DataFrame + distributed + secede

I have a Dask task that looks a bit like this:

# do some setup work
df = df.apply().persist()
return df

So the idea is that the task submits a large number of jobs via apply(), but doesn’t actually return until all those jobs are complete.

However this causes a deadlock, because it schedules some of the apply jobs on the same worker as the parent task. And the parent process is waiting for the child before it completes, but the child process can’t start because the worker is “processing” the parent.

So this seems like the exact scenario described here in the docs. So it’s evident to me that I need to secede() and rejoin() somewhere. However, it’s not clear to me where I should put these function calls, given that I’m using the higher-level DataFrame wrapper. Should I run secede() before or after persist()? What about rejoin()?

So from trial and error, it seems like you have to do this:

result = df.apply().persist()

Every other order seems to cause a deadlock for reason I can’t entirely explain.

1 Like

@multimeric Thanks for the question!

I’m not entirely sure about this, is your workflow actually launching tasks from tasks? I’m asking becuase it could be something else in the workflow, or it could also be a bug. Would you be able to share a reproducible example? I’d be happy to try it out and help confirm/debug.

Since you’re using secede+rejoin, I’d also suggest looking at these docs if you haven’t already. Especially the worker_client context manager: Launch Tasks from Tasks — Dask.distributed 2022.5.0 documentation

Okay, I can actually reproduce this locally. If you run this, the whole cluster gets into a deadlock and processes nothing.

import time
import dask.dataframe as dd
import pandas as pd
from dask.distributed import Client, wait

def apply(row):
    print(f"Applying {row}")

def parent_task(df):
    print(f"Running parent task")
    fut = df.apply(apply, axis=1, meta=("foo", bool)).persist()
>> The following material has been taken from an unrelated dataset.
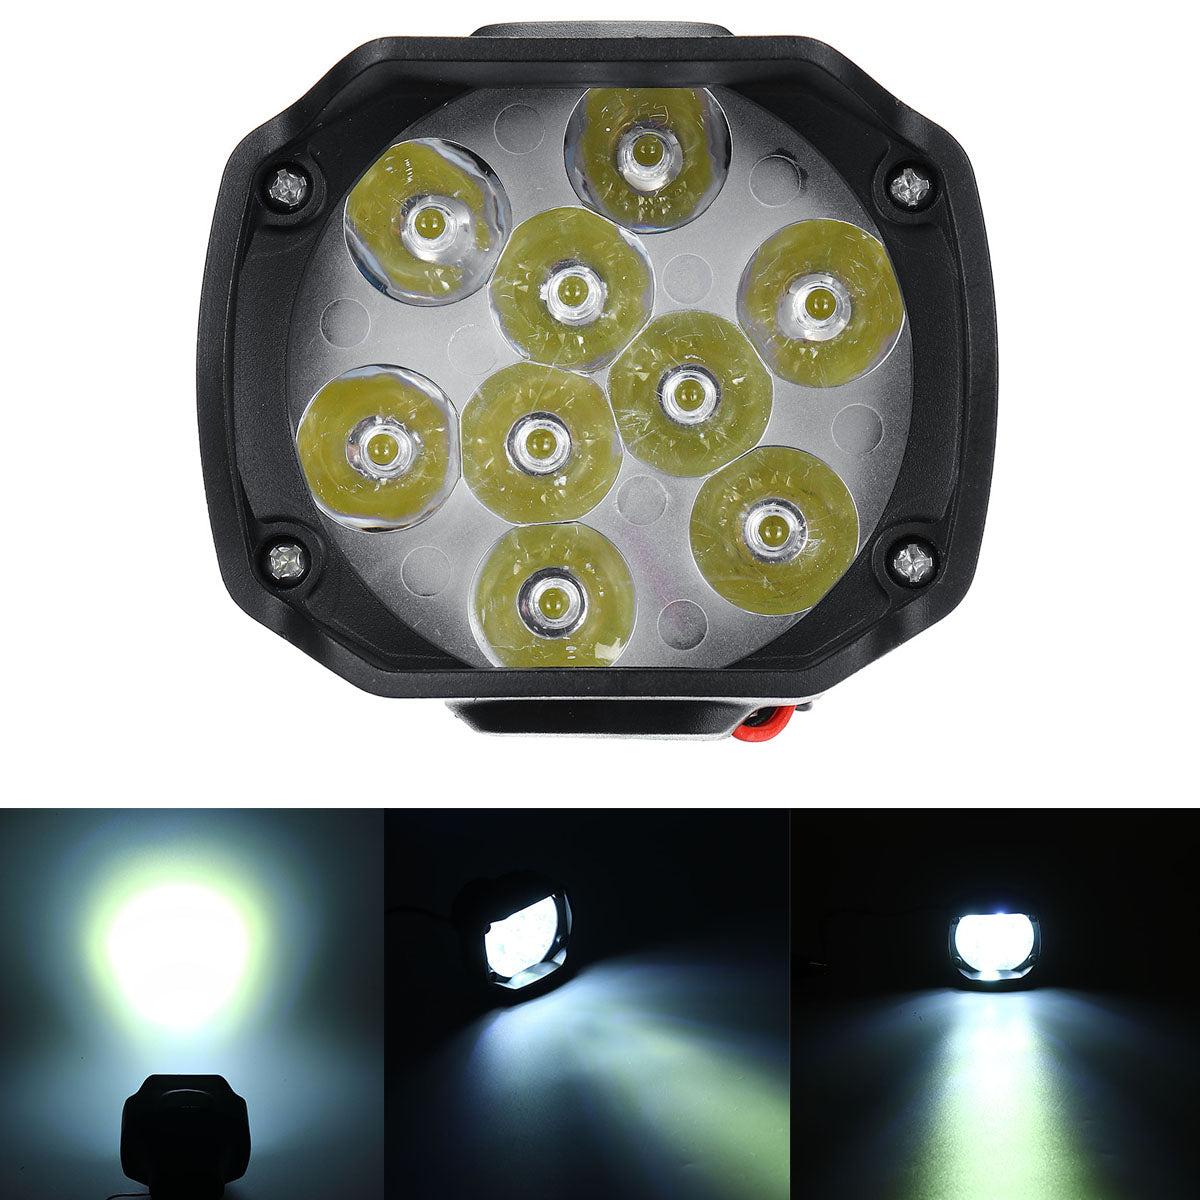 Olive Drab 12V10W 1000LM 9 LED Super Bright Motorcycle Headlight Bulb Work Light Fog Driving Spot Lamp Night Headlamp For UTV ATV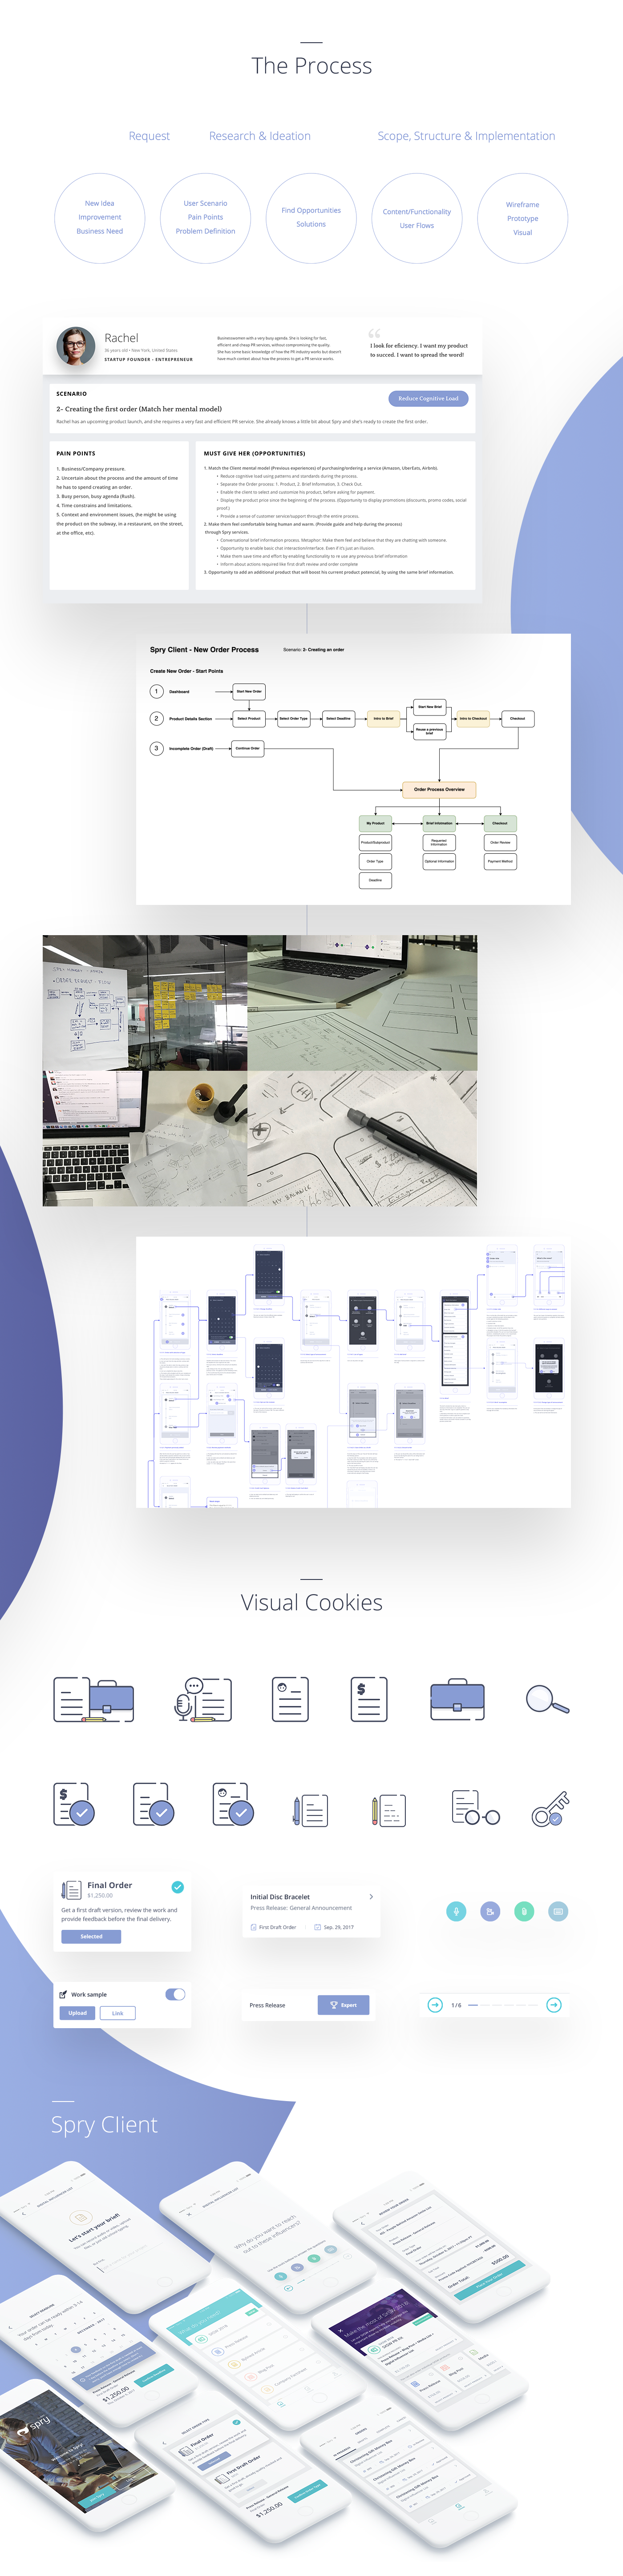 pr ui design UX design interaction product design  Mobile app ios visual design mobile

if __name__ == "__main__":
    client = Client(n_workers=1, threads_per_worker=1)
    df = pd.DataFrame({"a": range(100)}).pipe(dd.from_pandas, npartitions=20)
    fut = client.submit(parent_task, df)

You might say this is caused by only having 1 worker, and it is, but in my real life example which involves dask_jobqueue, I have several workers, but it assigns tasks to the same worker as the parent task, and doesn’t redistribute the tasks so this still happens. So any mechanism that stops tasks from being redistributed will cause this.

@multimeric Thank you for sharing an example. You’re right that this is a deadlock and we do need to use secede+rejoin as you’ve done. Your usage is also accurate. :smile:

@multimeric may I ask what causes the need to call wait() inside a task? This is something we’re planning to redesign and we would like to collect people’s use cases.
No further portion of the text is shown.